Hoewel sommige patiënten de voorkeur geven aan behandeling zonder medicatie, wordt een acute psychose meestal behandeld met antipsychotische medicatie. Als de acute psychose over is, krijgen veel patiënten voor langere tijd antipsychotica voorgeschreven om een nieuwe psychose te voorkomen (onderhoudsbehandeling). Klassieke antipsychotica zoals haloperidol worden nog steeds gebruikt, terwijl tweede generatie antipsychotica, zoals olanzapine en amisulpride, vaak de voorkeur genieten vanwege hun betere evenwicht tussen werkzaamheid en bijwerkingen. In de meeste landen, waaronder Nederland, worden antipsychotica op vergelijkbare wijze voorgeschreven aan mannen en vrouwen. Dat wil zeggen dat er weinig verschil is in welk antipsychoticum wordt gekozen en in welke dosis het wordt voorgeschreven.

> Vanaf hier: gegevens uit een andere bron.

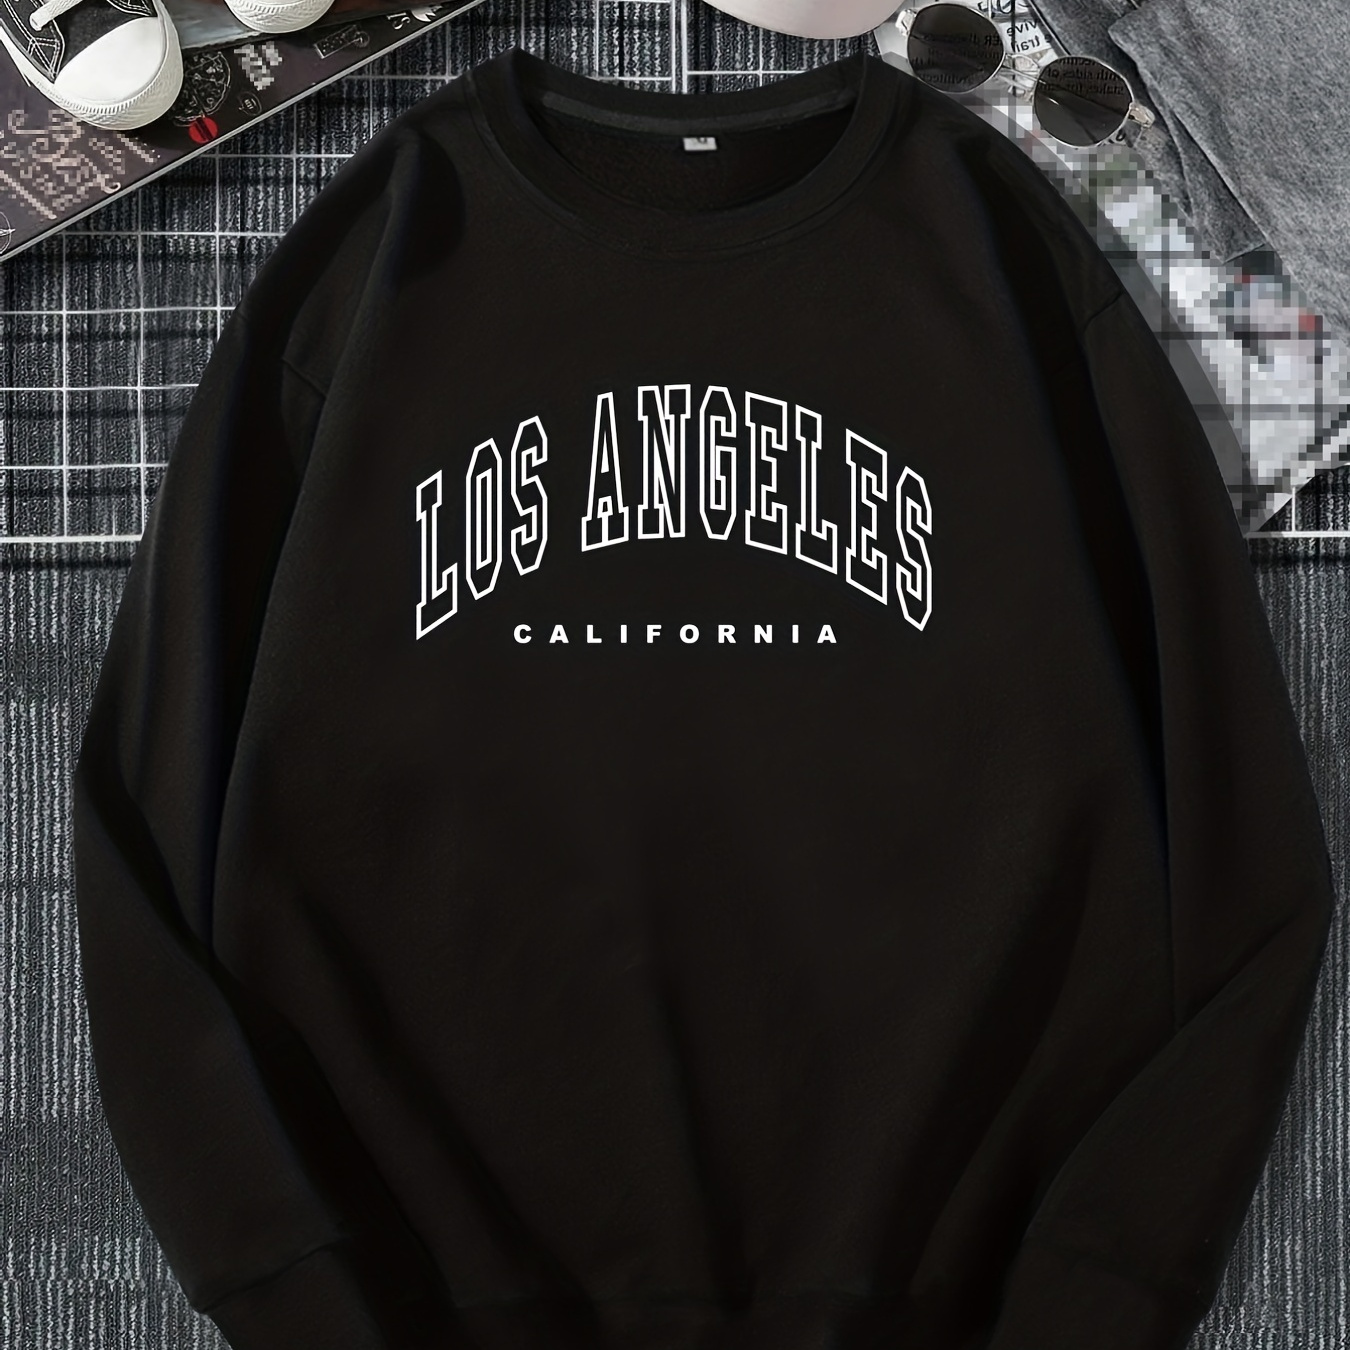 

Sweatshirt For Men, Los Angeles Letter Print Top, Men's Casual Pullover Sweatshirt For Spring Fall, As Gifts
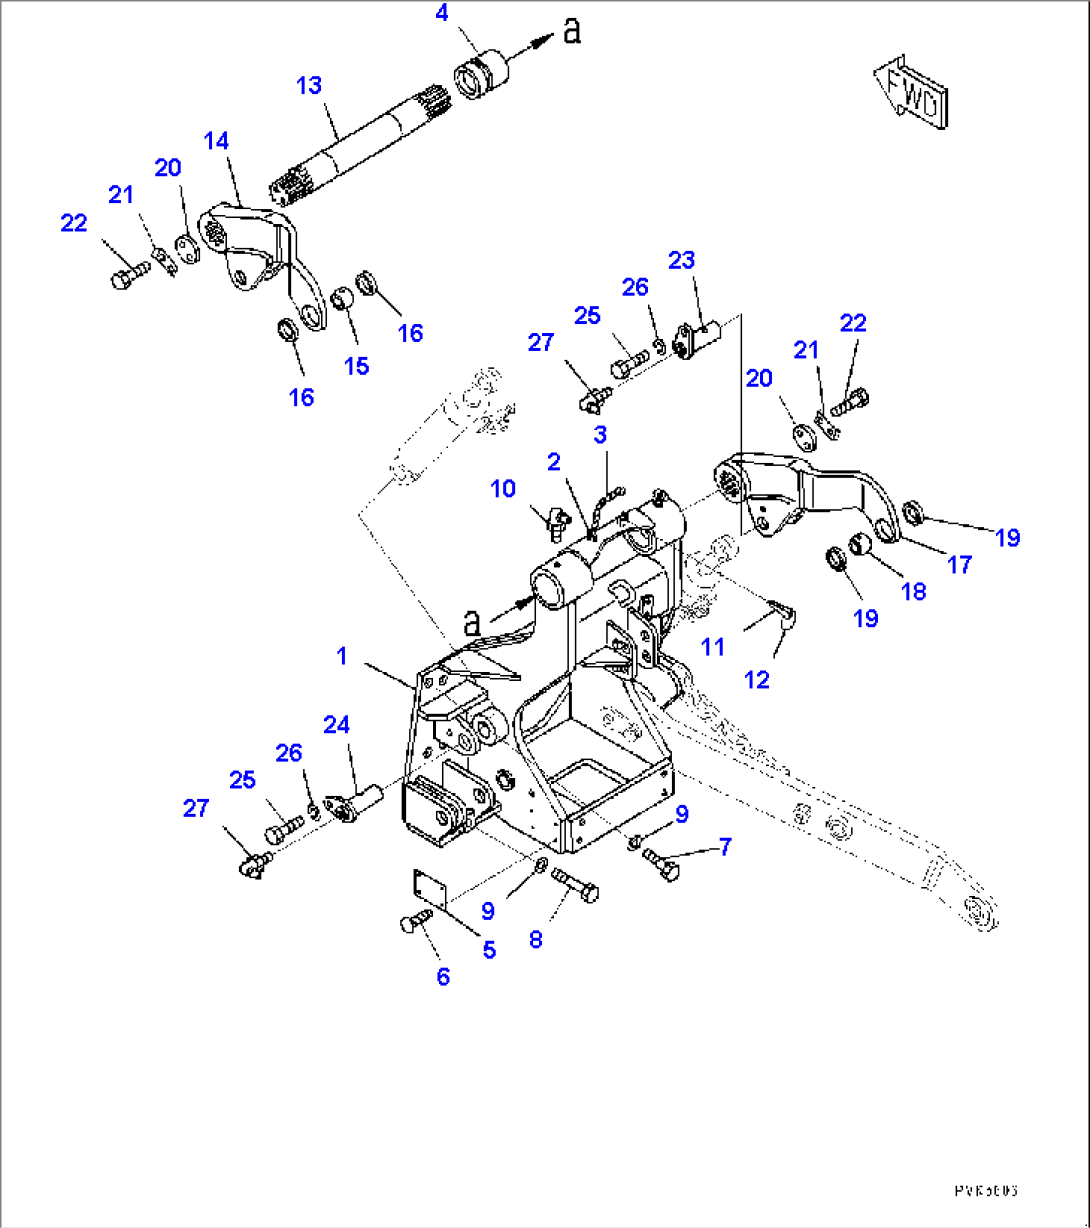 3-Point Hitch, Bracket and Arm (#90210-)

Recent onderzoek van onze groep suggereert echter dat het tijd is om wel een onderscheid te maken
Het vrouwelijk lichaam is niet hetzelfde als het mannelijk lichaam. Ook is het vrouwelijk brein niet hetzelfde als het mannelijk brein. Geslachtshormonen, zoals testosteron en oestrogenen, hebben een aanzienlijke invloed op onze hersenen en op ons gedrag. In 2021 werd daarom de Alliantie Gender en GGZ opgericht, die behandeling op maat voor mannen en vrouwen op de kaart gaat zetten.
Laten we ons voor nu concentreren op oestrogenen, de vrouwelijke hormonen
Mannen maken ook oestrogenen aan, maar bij vrouwen in de vruchtbare leeftijd is de aanmaak van oestrogenen dubbel zo hoog. Dat wil zeggen: tussen de puberteit en de menopauze. In deze zogenoemde “vruchtbare jaren” hebben vrouwen over het algemeen een menstruatiecyclus met een periode met weinig oestrogenen tijdens de menstruatie en een periode met veel oestrogenen, in het andere deel van de menstruatie cyclus. Voor mensen met psychotische stoornissen kunnen deze oestrogenen een belangrijke steun zijn.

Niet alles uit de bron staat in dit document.